President Biden urged Congress to deliver an assault weapons ban to his desk.JACQUELYN MARTIN/AFP/Getty Images

“I'm in sales, so I'm used to persistence: be loud, be consistent. That's how you get things done,” she says. “I am very confident in our group's ability. If we could do what we did in six months with very little planning and time, I'm very optimistic at what we'll be able to accomplish when we actually have the luxury of strategy.”

Lieberman says she, too, has received a somewhat surprising political education through her continued work with March Fourth.

“Phone calls to legislators matter,” she asserts emphatically. “Before this I was like, ‘Okay, what's one more call to a senator or to a representative?’ And during this I'm like, ‘Oh my God, if we had one more.’ They tally them every day, every time you call. They're making legislative decisions based on that feedback.”

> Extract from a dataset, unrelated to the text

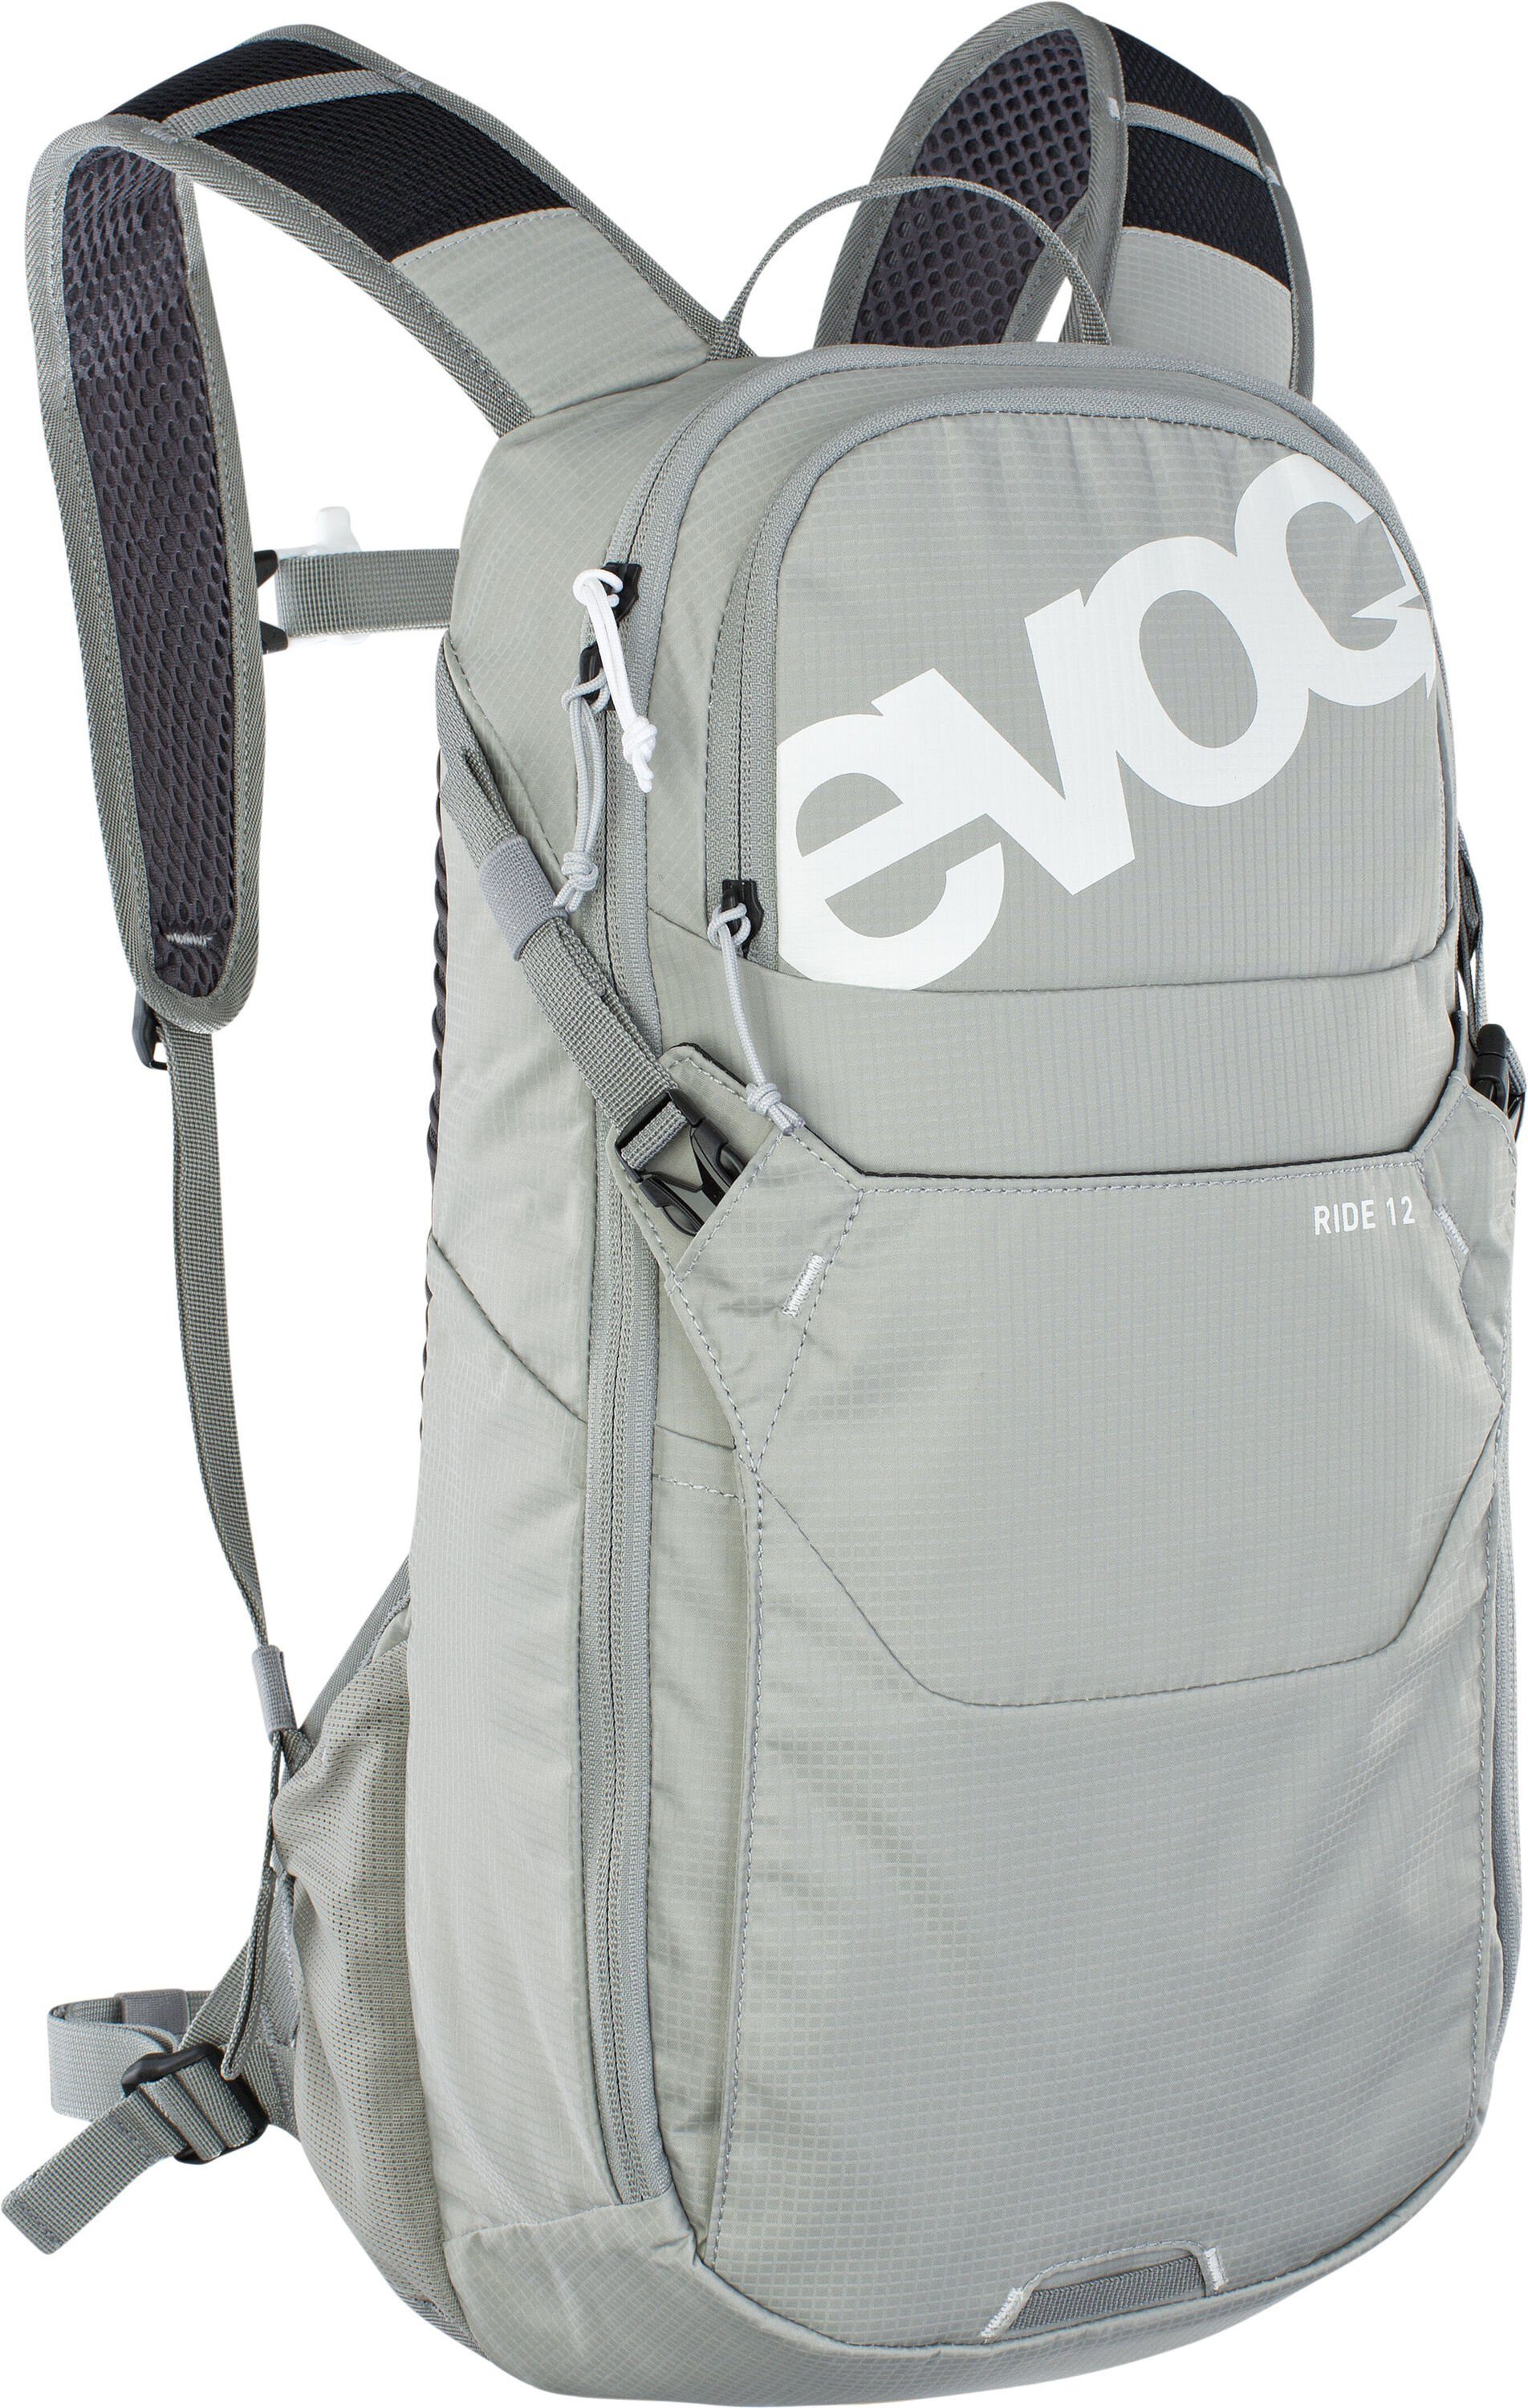 EVOC Packsack, fürs Biken und den Alltag

“And this is a winning issue,” Brandtner agrees. “The majority of Americans want a federal ban on assault weapons.” Indeed, over the decades various polls have signaled majority support for such a ban. A Gallup meta analysis of polls from 1994 to 2019 found consistent majority support for an assault weapons ban (support that, incidentally, becomes more pronounced when the word “ban” is explicitly used). A 2022 poll from Statista showed that 66% of all voters supported a ban, including 86% of Democrats and 47% of Republicans, with a plurality of Republican voters (34%) “strongly” in support. “We realize that we don't have to live like this. America's mass shooting epidemic is unique to America, because we have access to weapons of war,” she adds. “We don't have tanks in our driveway, we don't need assault weapons in our homes.”

Senators Blumenthal, Feinstein, and Murphy introduced an assault weapons ban in response to the mass shooting in Monterey Park, CA.Alex Wong/Getty Images News/Getty Images

While legislative efforts have to be started from scratch after the expiration of H.R. 1808, the group’s second opportunity has already begun: on Jan. 23, in response to the mass shooting that claimed the lives of 11 people in Monterey Park, California Sen. Dianne Feinstein alongside Connecticut Sens. Richard Blumenthal and Chris Murphy, introduce the Assault Weapons Ban of 2023, which would “ban the sale, transfer, manufacture and importation of military-style assault weapons and high-capacity magazines and other high-capacity ammunition feeding devices.”

In Biden’s State of the Union address, the president highlighted the efficacy of the 1994 ban over the course of the decade it was in place. “In the 10 years the ban was law, mass shootings went down. After Republicans let it expire, mass shootings tripled,” he said. The bold assertion was not refuted by the Washington Post’s Fact Checker, noting that while the issue is more complex than one law, “The body of research now increasingly suggests the 1994 law was effective in reducing mass-shooting deaths.”

“Every day that we waste is a day that there are potential mass shootings that will and do occur,” Lieberman says. “My hope is that we just continue to get more citizens to stand by us and to stand up against this horror and tragedy, and say that we demand a safer world for our children.”